01 August 2016

Spreadsheet to GeoJSON: Part 2, in which I do not re-invent the wheel

My last post was about doing a simple, but automated conversion of our growing Google sheet of Roman temples into GeoJSON. At the end, I noted that there were some existing methods for doing that, and in the interim I’ve been exploring those a bit.

Most of them involve some kind of javascript and are designed for use on websites (or with node). That’s pretty nice in some circumstances, and in fact I’ve been playing around with them, trying to improve my leaflet.js skills in the process.

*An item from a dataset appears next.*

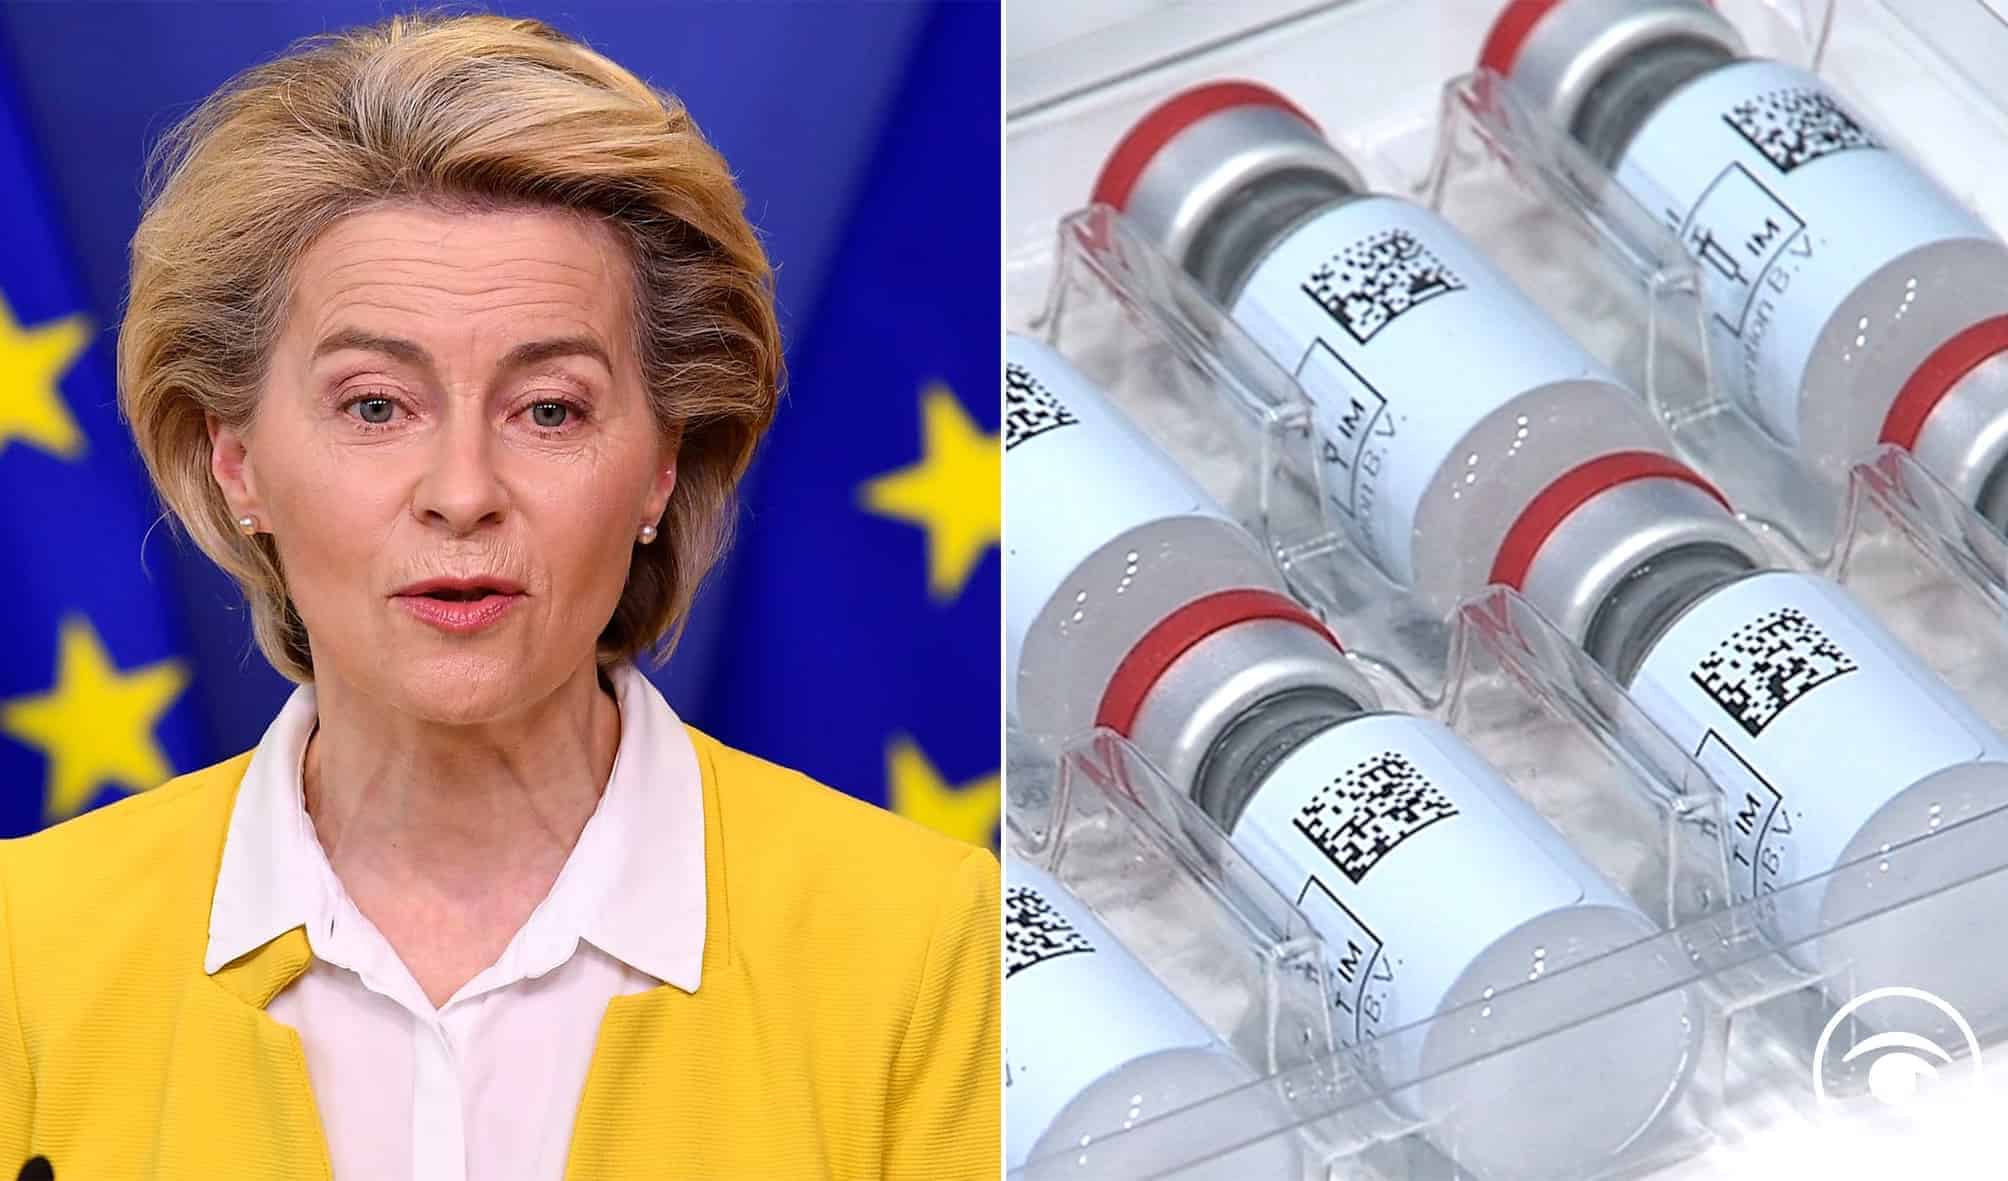 EU to discuss US proposal to share vaccine patents as UK remains on sideline

However I’m still interested in being able to download our data and convert all of it to GeoJSON which gets posted to GitHub, for which javascript isn’t ideal (and I think I could make it work, if I knew js better), but there is some software out there that means I don’t have to worry about the actual conversion from sheet to json, though I do have to do some clean up. Ideally the script will not require any interaction, and it will convert all the data we have into GeoJSON, not just the bits that I tell it about. This will let us add and delete columns in the sheet without worrying about whether it will screw up the conversion.

The Details

Temples and Mithraea around Rome.
Temples and mithraea mapped in the area of Rome.
I settled on the nifty ogr2ogr utility from GDAL, the Geospatial Data Abstraction Library, to do the conversion (or conversions, as it turned out), and still did some cleanup with jq and the usual text-manipulation tools. The script was written in bash, so it can be run from the command line (or automatically via cron, or LaunchDaemon these days, I guess). Here’s how the script goes:
  1. Download the sheet from Google as xml: https://spreadsheets.google.com/feeds/list/key/1/public/values, where key is the key for the sheet. Pretty sure that I can get csv if I authenticate to Google, but I couldn’t figure out how to do that in a timely way, so I stuck with the public feed. When I tried to download those versions via the browser, it did work, likely because I’m logged into Google services all the time, but possibly because Google doesn’t like people using curl to get data, but will allow a real browser to. In either case, I didn’t want to have to rely on the browser for this, so I stuck with what I could get via the command line.
  2. Reformat and clean up the xml with tidy -xml -iq and then sed 's/gsx://g'. (Google really likes those gsx prefixes on the field names.)
  3. Use ogr2ogr to convert the xml to csv. ogr2ogr seems to need files to work on, so at this point I also stored the data in temporary files. (Happy to be wrong about the necessity for files, so let me know!)
  4. Now use ogr2ogr again, the time to convert the csv to GeoJSON. You’d think I could convert the xml directly to GeoJSON, but, again, I couldn’t figure that out (.vrt files) and so resorted to the double conversion. Help welcome!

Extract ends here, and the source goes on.